February! When will it end? February, so hard to live through. Another day with much not done. My thoughts as I dash for evening meditation through the gloom, overtaking a Reverend in her hooded cape in the lane. This evening we hardly need coats, capes and hats yet we continue to wear them. The bell is already ringing. Meditation. Returning, there are no stars out tonight. But what’s that on the horizon? Still light fading from the day, at 9.00 p.m.? Surely not.
Amazing how, in just an hour, ones point of view can turn and change. From rush and bustle and too much still to do, to a leisurely stroll back up the lane admiring the absence of stars with a happy anticipation of writing a blog entry.
Just sitting is worth while, worth while not because of getting anything or having a better attitude or slowing down a notch or three, or whatever. No, just that there is a space. Just space.
Tomorrow I’d probably say something different.
Thankyou for that, it was beautifully written & most evocative.
Yes, thanks. You always seem to post the right thing at the right time.

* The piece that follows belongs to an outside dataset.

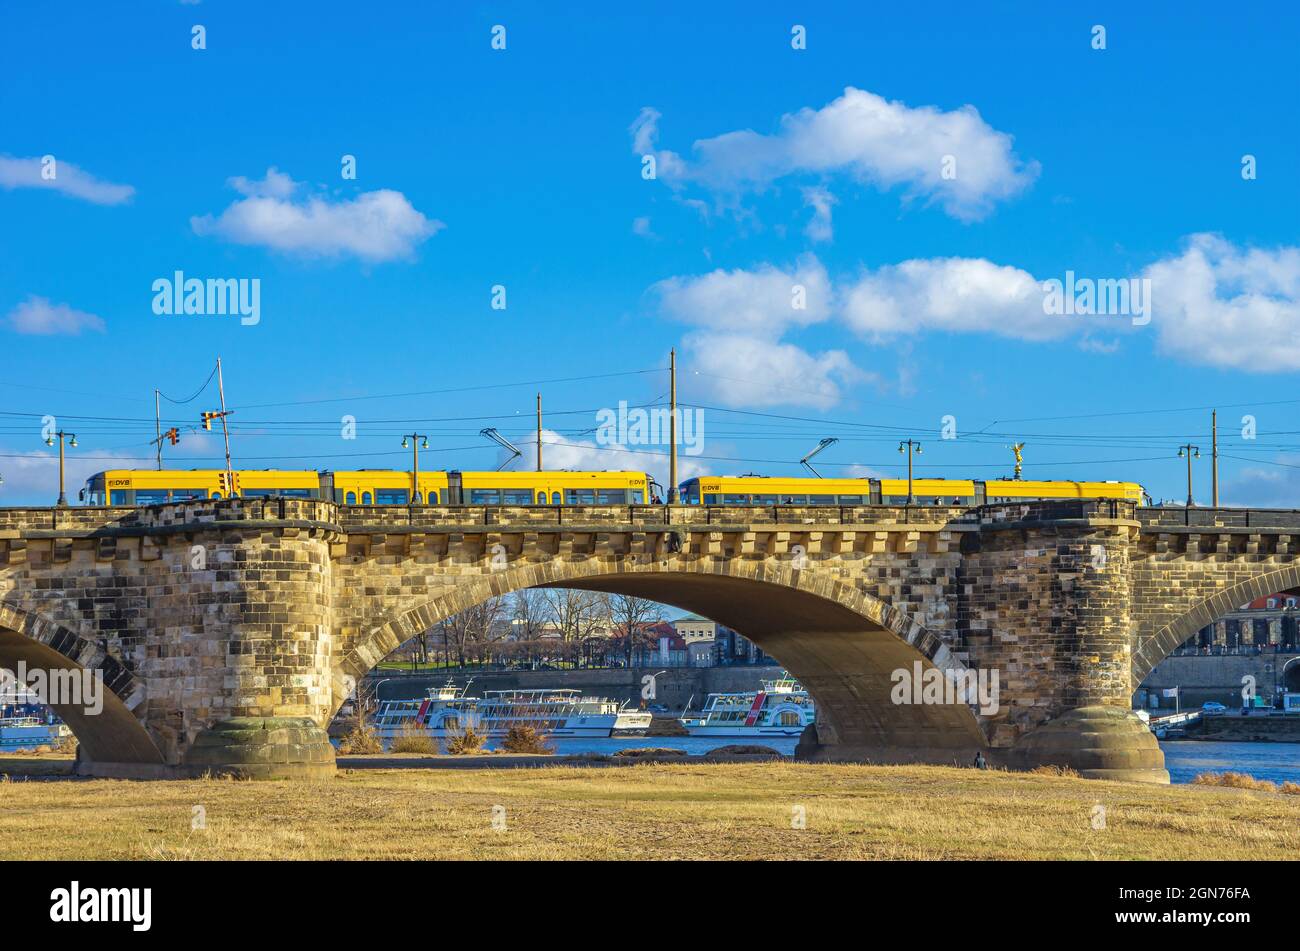 Dresde, Saxe, Allemagne: L'un des célèbres tramways jaunes de la compagnie de transport public de Dresde vient de traverser le pont Augustus. Banque D'Images

I’ve been laughing all day because this entry brought up in my mind that wonderful song about English weather by Flanders and Swann. As non-UK readers have probably never even heard of them it runs like this …
“January brings the snow
Makes your feet and fingers glow
February’s Ice and sleet
Freeze the toes right off your feet
Welcome March with wintry wind
Would thou wer’t not so unkind
April brings the sweet spring showers
On and on for hours and hours
Farmers fear unkindly May
Frost by night and hail by day
June just rains and never stops
Thirty days and spoils the crops
In July the sun is hot
Is it shining? No, it’s not
August cold, and dank, and wet
Brings more rain than any yet
Bleak September’s mist and mud
Is enough to chill the blood
Then October adds a gale
Wind and slush and rain and hail
Dark November brings the fog
Should not do it to a dog
Freezing wet December then:
****** January again!”
Oh right, beautifully written, that came as a bit of a shock I must say. Thanks Angie, you see something I do not.
Iain! Did you have all of that stored away in your memory banks by any strange chance? Thanks for the ditty, not pretty ay. What did they know though. There are two weeks in the year that are good. They are the two weeks after the children go back to school in September. I’ve been in the Lakes on renewal time and hit a heat wave breaking all records, since records began. Let’s see, I was there in 1991 or ’92 I think in a caravan park at the end of Derwent Water. And again I was on renewal on September 11th 2001, beautiful weather and I remember I was cleaning out the guttering on my trailer when the news hit.
Thanks RB, and I see a new comment has just arrived from you as I write. Just at the right time!